YOUR GOAL — Your task is to repeat the entries exactly. Leave the pictures out.

PROVIDED ENTRIES —

^^^^

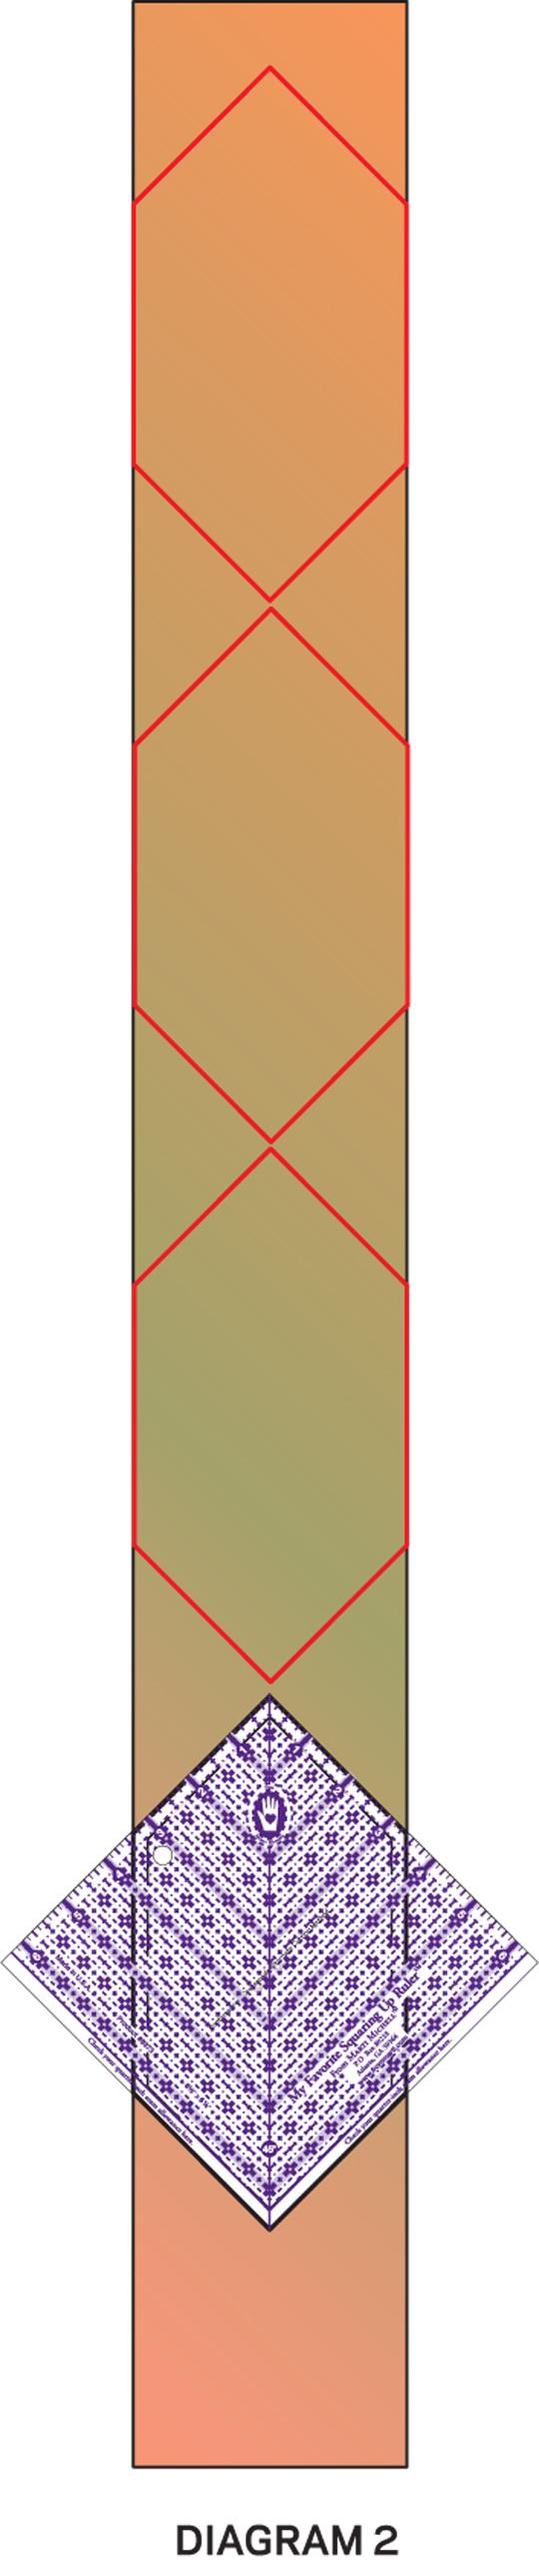 img_alt-cut-crossroadslg_1b.jpg
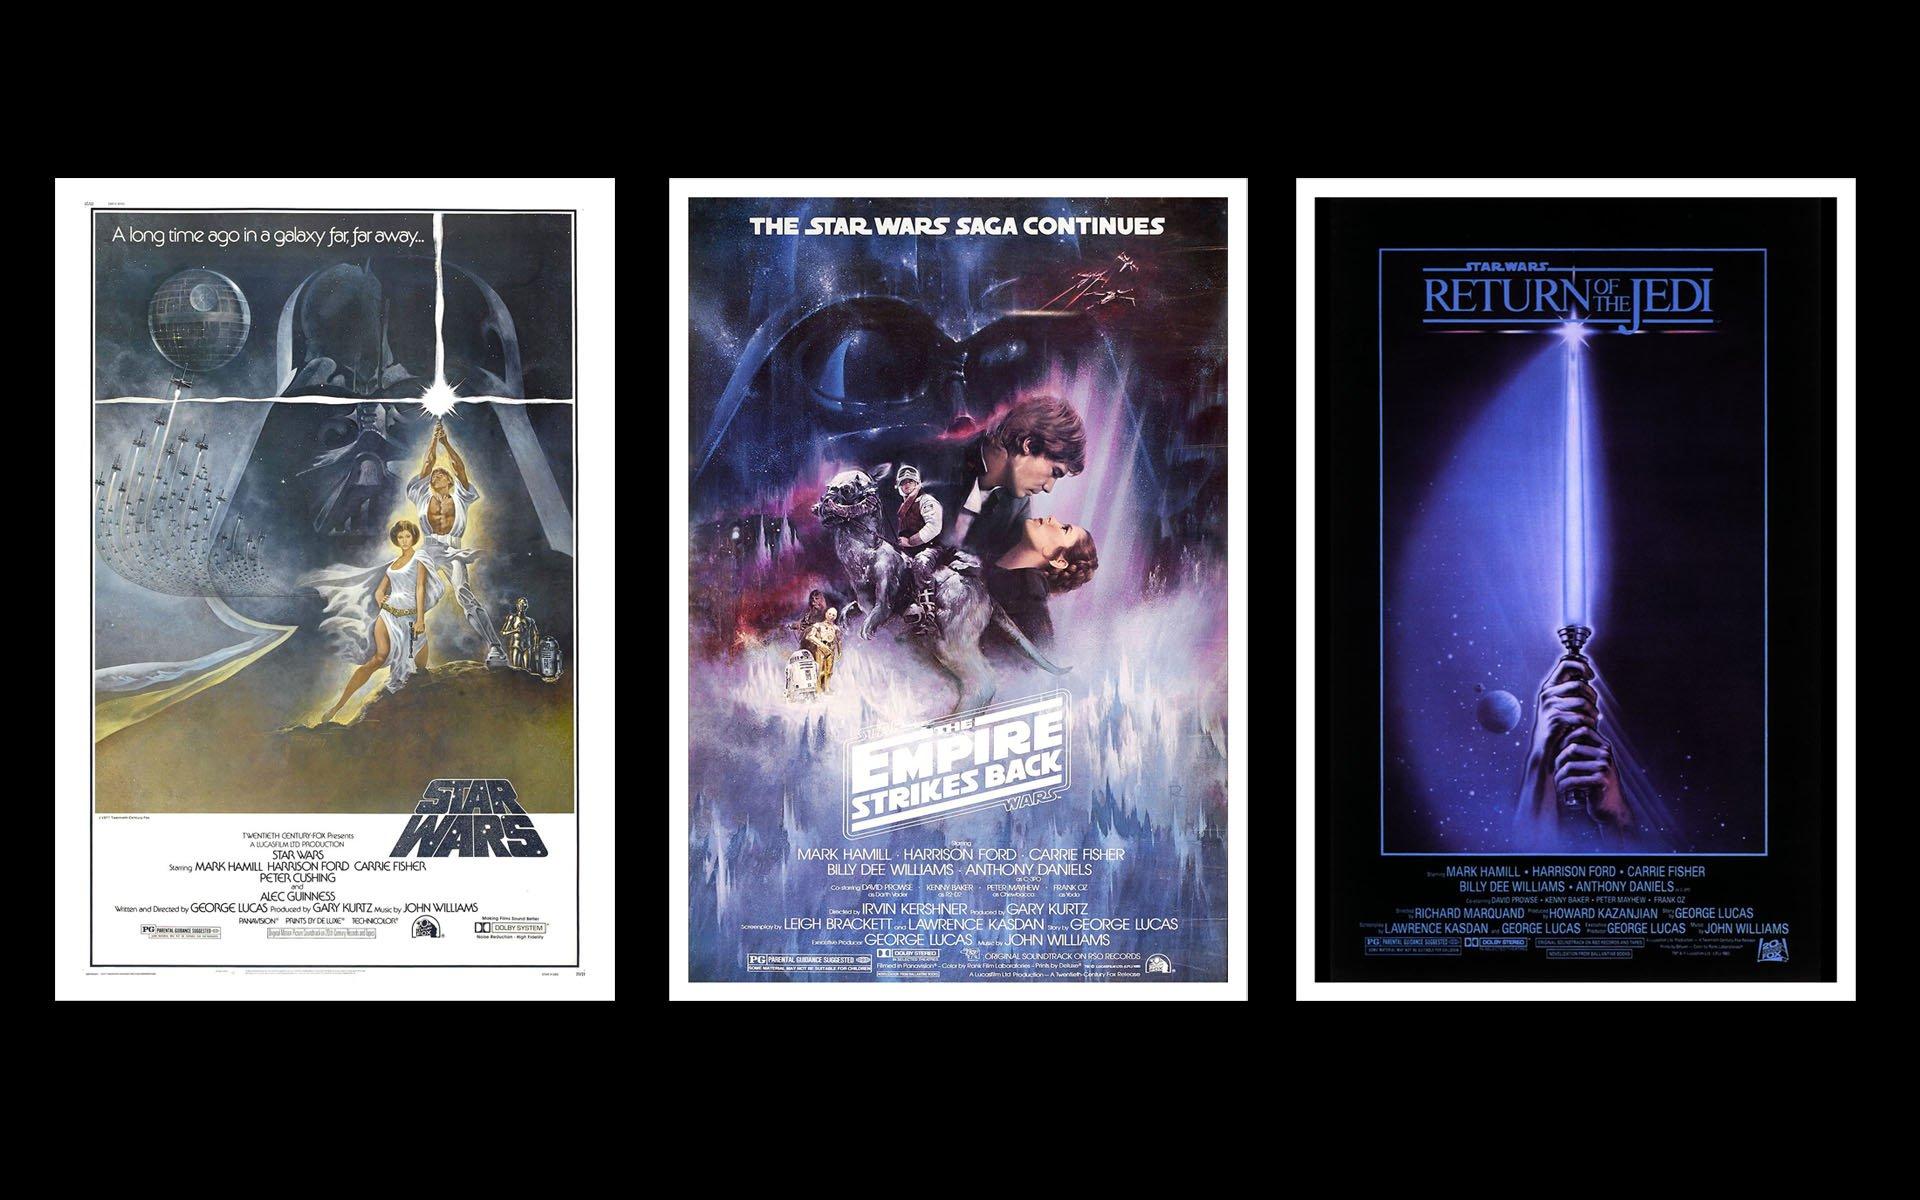 star wars movie posters HD Wallpaper   Movies TV 701931 1920x1200
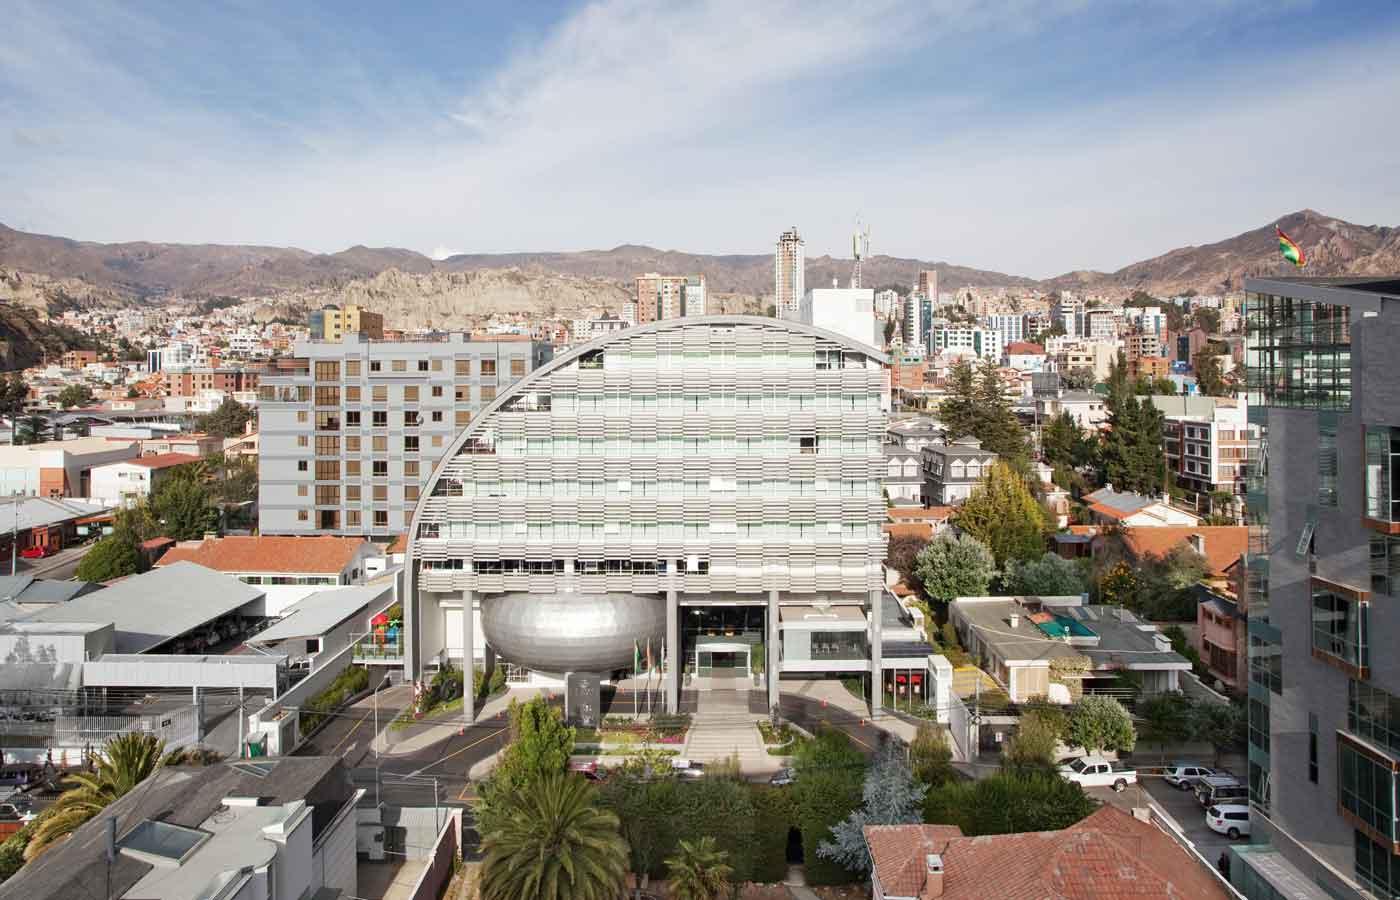 Hotel Casa Grande, La Paz, Bolivia
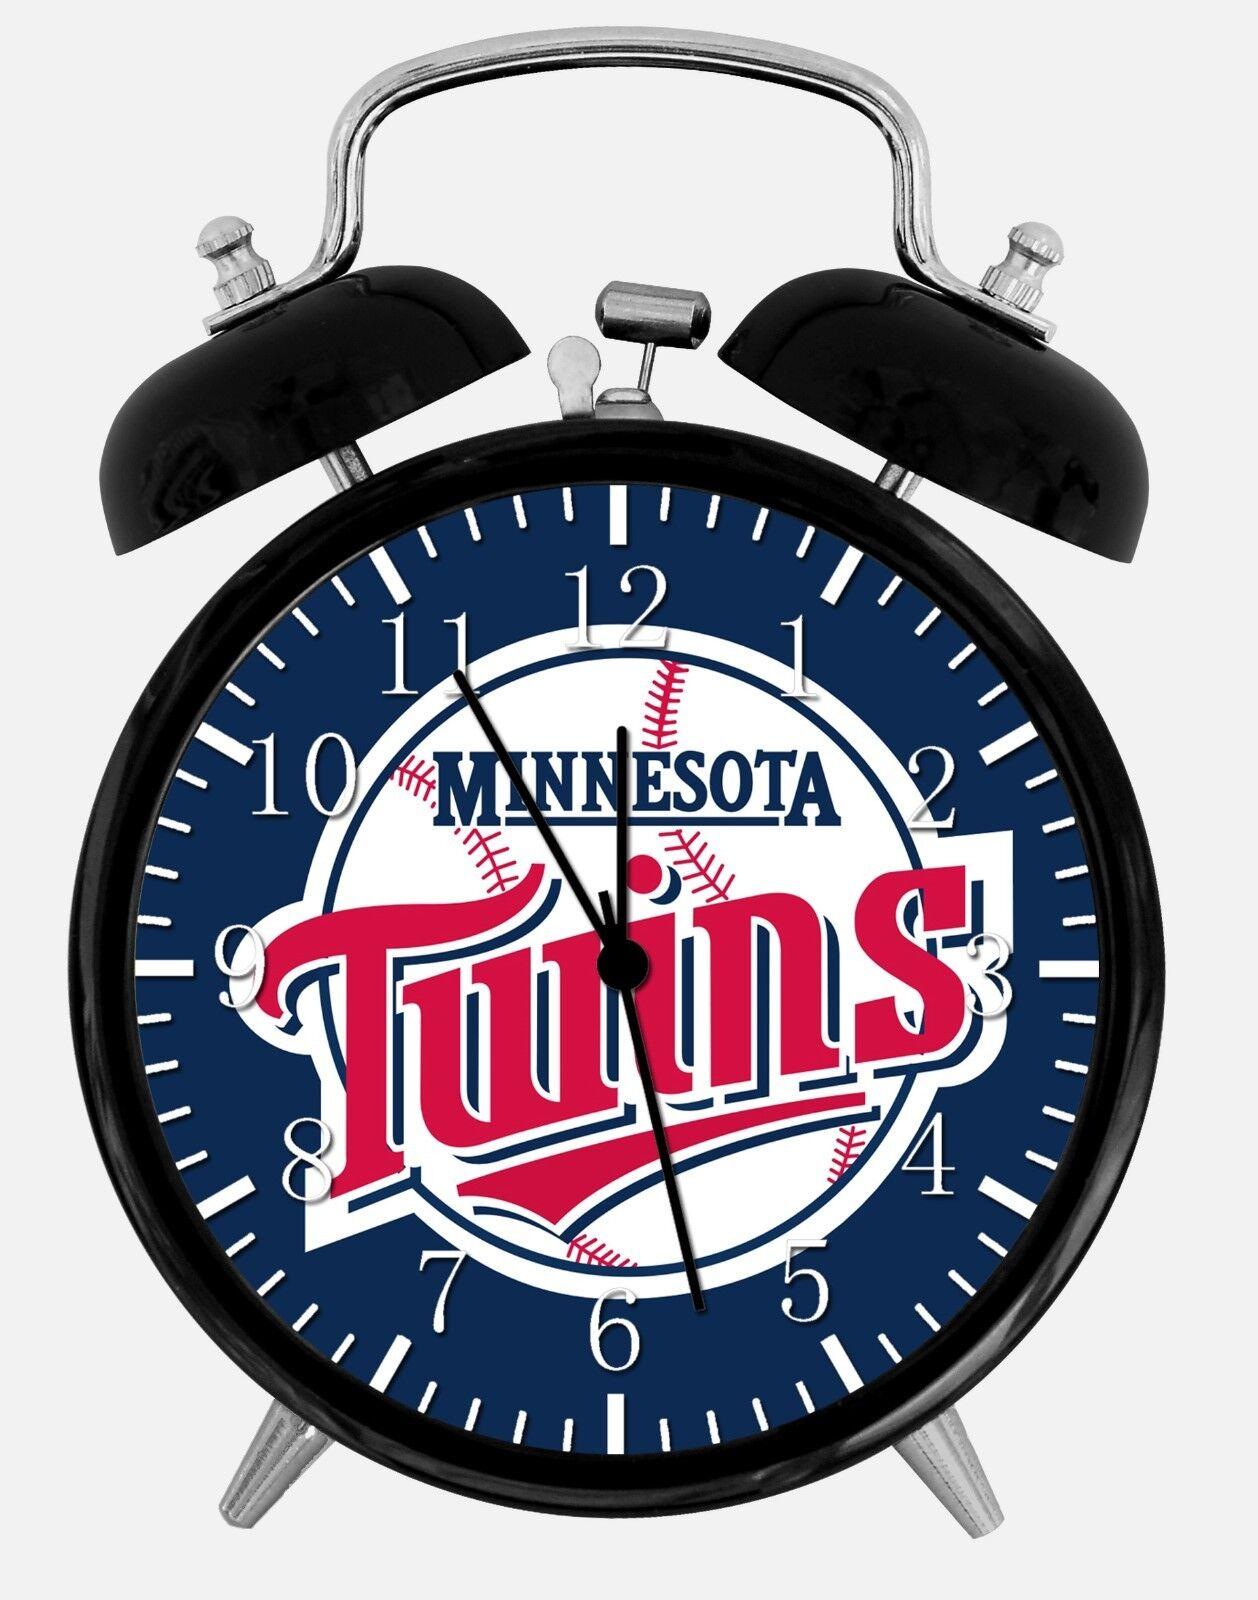 "Minnesota Twins Alarm Desk Clock 3.75"" Home or Office Decor E286 Nice For Gift"
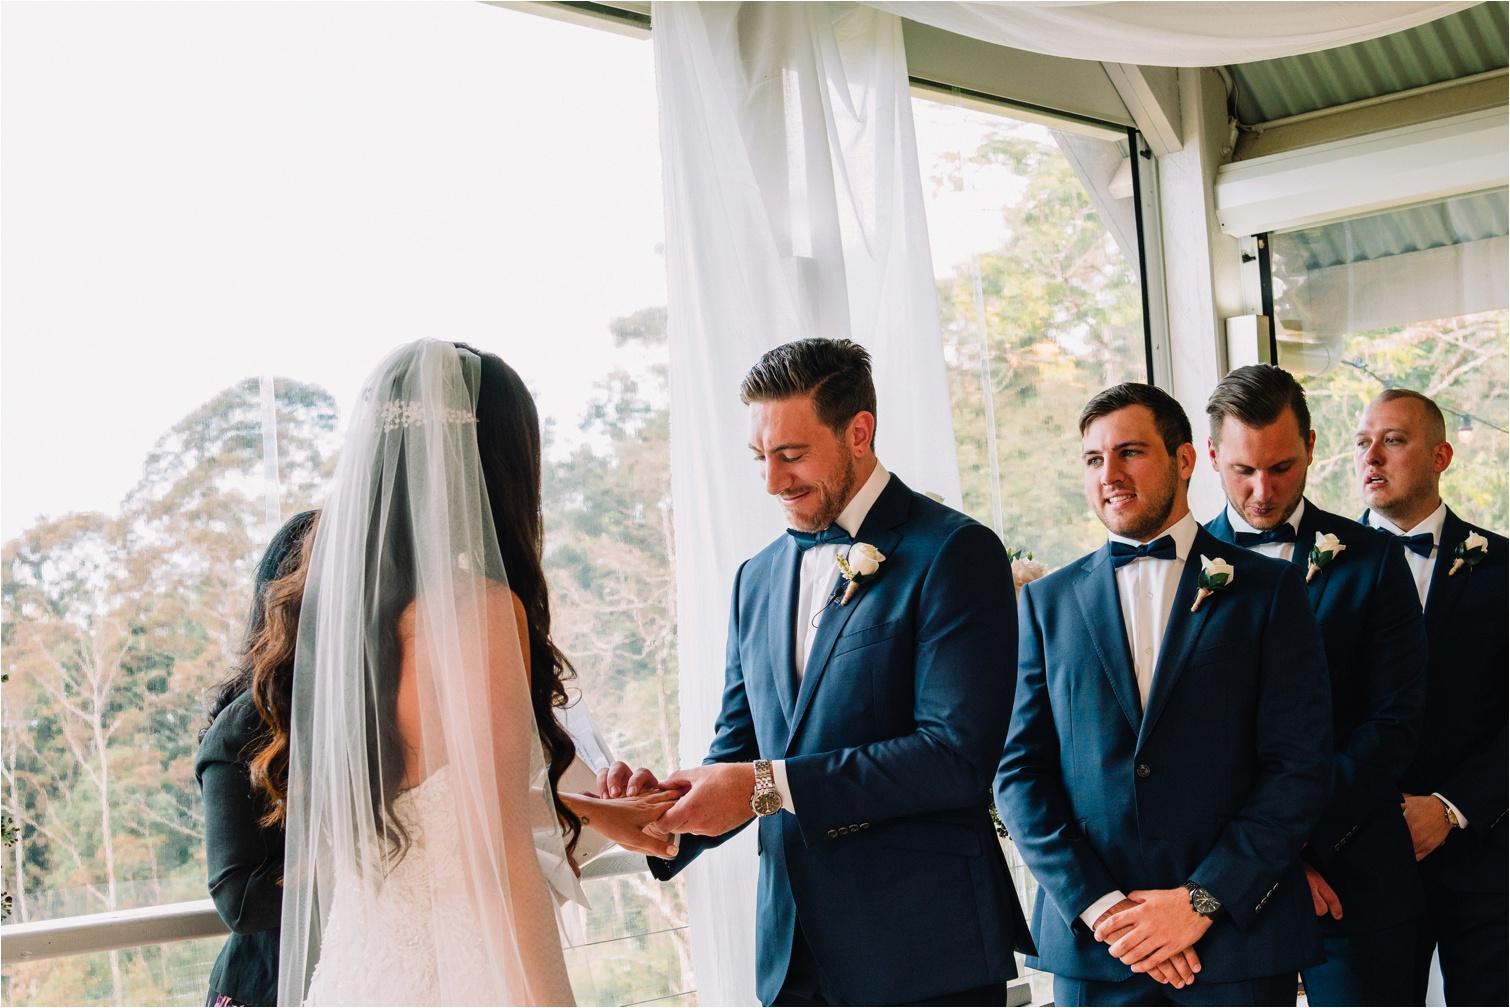 Maleny Manor Wedding Photography - Gold Coast Wedding Photographer_0026.jpg

^^^^

ANSWER —
 img_alt-cut-crossroadslg_1b.jpg
 star wars movie posters HD Wallpaper   Movies TV 701931 1920x1200
 Hotel Casa Grande, La Paz, Bolivia
 "Minnesota Twins Alarm Desk Clock 3.75"" Home or Office Decor E286 Nice For Gift"
 Maleny Manor Wedding Photography - Gold Coast Wedding Photographer_0026.jpg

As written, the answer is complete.